Data excerpts
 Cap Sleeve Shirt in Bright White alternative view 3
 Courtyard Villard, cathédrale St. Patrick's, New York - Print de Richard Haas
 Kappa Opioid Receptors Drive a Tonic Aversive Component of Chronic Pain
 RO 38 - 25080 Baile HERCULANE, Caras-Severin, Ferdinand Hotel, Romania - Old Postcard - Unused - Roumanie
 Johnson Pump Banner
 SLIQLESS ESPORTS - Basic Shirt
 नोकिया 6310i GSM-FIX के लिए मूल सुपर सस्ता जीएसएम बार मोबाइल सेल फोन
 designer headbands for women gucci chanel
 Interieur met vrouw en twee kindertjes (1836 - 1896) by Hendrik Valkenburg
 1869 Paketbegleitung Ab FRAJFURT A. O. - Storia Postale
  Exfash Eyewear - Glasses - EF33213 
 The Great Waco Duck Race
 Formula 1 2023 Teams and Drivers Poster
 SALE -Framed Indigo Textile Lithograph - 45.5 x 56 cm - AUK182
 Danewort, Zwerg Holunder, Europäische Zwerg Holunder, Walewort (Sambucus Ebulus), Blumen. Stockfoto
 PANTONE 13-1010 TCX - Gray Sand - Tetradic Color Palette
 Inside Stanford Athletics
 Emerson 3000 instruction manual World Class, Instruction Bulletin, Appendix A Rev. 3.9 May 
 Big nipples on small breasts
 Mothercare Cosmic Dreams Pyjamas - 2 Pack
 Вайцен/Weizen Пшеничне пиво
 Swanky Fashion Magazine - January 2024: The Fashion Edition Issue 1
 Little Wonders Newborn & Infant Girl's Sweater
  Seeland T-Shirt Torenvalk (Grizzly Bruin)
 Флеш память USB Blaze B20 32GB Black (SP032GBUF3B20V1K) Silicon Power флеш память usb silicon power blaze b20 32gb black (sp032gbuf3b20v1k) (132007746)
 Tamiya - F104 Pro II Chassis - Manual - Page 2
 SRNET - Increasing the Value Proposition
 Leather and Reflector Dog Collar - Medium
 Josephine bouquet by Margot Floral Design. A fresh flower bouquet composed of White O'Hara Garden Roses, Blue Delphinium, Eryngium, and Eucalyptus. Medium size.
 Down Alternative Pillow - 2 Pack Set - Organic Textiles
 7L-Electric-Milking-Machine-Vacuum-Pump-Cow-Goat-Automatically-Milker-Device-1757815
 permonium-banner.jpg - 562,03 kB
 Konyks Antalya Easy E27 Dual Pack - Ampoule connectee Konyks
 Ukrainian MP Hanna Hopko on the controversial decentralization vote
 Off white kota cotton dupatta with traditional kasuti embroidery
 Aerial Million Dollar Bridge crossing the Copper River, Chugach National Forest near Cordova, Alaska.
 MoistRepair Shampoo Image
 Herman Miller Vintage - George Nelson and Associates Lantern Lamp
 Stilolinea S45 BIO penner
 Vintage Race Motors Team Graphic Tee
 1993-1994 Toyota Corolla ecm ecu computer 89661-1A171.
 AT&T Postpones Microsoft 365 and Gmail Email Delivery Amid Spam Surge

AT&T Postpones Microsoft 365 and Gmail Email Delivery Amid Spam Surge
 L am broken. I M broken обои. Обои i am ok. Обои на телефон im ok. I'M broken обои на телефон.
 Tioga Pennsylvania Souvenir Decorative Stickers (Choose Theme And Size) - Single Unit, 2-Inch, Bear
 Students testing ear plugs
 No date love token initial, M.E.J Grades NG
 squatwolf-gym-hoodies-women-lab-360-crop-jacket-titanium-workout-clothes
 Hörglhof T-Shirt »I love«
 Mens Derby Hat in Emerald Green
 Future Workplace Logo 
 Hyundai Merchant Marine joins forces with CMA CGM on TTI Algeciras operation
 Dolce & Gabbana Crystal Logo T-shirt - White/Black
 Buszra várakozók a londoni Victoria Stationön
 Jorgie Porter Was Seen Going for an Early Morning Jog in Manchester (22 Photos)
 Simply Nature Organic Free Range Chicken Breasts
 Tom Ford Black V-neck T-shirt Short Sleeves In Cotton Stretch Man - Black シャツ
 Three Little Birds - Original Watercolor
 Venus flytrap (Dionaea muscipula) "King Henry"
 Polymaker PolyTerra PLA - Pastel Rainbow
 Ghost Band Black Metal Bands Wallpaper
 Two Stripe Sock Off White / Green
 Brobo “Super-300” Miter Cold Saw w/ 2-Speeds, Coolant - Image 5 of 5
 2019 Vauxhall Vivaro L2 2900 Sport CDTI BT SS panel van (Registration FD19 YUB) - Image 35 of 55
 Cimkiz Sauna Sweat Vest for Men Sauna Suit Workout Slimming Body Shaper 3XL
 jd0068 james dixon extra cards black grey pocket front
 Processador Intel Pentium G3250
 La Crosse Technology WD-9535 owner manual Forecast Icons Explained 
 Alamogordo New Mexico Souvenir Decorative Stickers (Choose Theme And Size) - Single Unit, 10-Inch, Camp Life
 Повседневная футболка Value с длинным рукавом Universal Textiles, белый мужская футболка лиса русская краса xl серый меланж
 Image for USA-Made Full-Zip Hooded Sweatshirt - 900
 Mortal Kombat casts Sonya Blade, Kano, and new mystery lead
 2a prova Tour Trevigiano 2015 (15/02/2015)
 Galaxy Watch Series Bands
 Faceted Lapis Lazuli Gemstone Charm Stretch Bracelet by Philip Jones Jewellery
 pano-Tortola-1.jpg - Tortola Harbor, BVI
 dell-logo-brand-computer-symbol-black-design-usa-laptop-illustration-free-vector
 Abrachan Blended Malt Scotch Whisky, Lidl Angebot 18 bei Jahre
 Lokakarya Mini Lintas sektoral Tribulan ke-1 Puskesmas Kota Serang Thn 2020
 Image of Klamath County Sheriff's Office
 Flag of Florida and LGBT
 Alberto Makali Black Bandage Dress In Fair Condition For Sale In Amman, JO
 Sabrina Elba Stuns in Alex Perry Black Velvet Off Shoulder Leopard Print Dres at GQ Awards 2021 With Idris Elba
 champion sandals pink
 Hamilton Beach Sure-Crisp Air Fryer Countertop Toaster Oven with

| What the task asks |
Print, without alteration, only the lines above between the one holding "Dolce & Gabbana" and the one holding "La Crosse Technology", inclusive.

| Solution to this problem |
 Dolce & Gabbana Crystal Logo T-shirt - White/Black
 Buszra várakozók a londoni Victoria Stationön
 Jorgie Porter Was Seen Going for an Early Morning Jog in Manchester (22 Photos)
 Simply Nature Organic Free Range Chicken Breasts
 Tom Ford Black V-neck T-shirt Short Sleeves In Cotton Stretch Man - Black シャツ
 Three Little Birds - Original Watercolor
 Venus flytrap (Dionaea muscipula) "King Henry"
 Polymaker PolyTerra PLA - Pastel Rainbow
 Ghost Band Black Metal Bands Wallpaper
 Two Stripe Sock Off White / Green
 Brobo “Super-300” Miter Cold Saw w/ 2-Speeds, Coolant - Image 5 of 5
 2019 Vauxhall Vivaro L2 2900 Sport CDTI BT SS panel van (Registration FD19 YUB) - Image 35 of 55
 Cimkiz Sauna Sweat Vest for Men Sauna Suit Workout Slimming Body Shaper 3XL
 jd0068 james dixon extra cards black grey pocket front
 Processador Intel Pentium G3250
 La Crosse Technology WD-9535 owner manual Forecast Icons Explained 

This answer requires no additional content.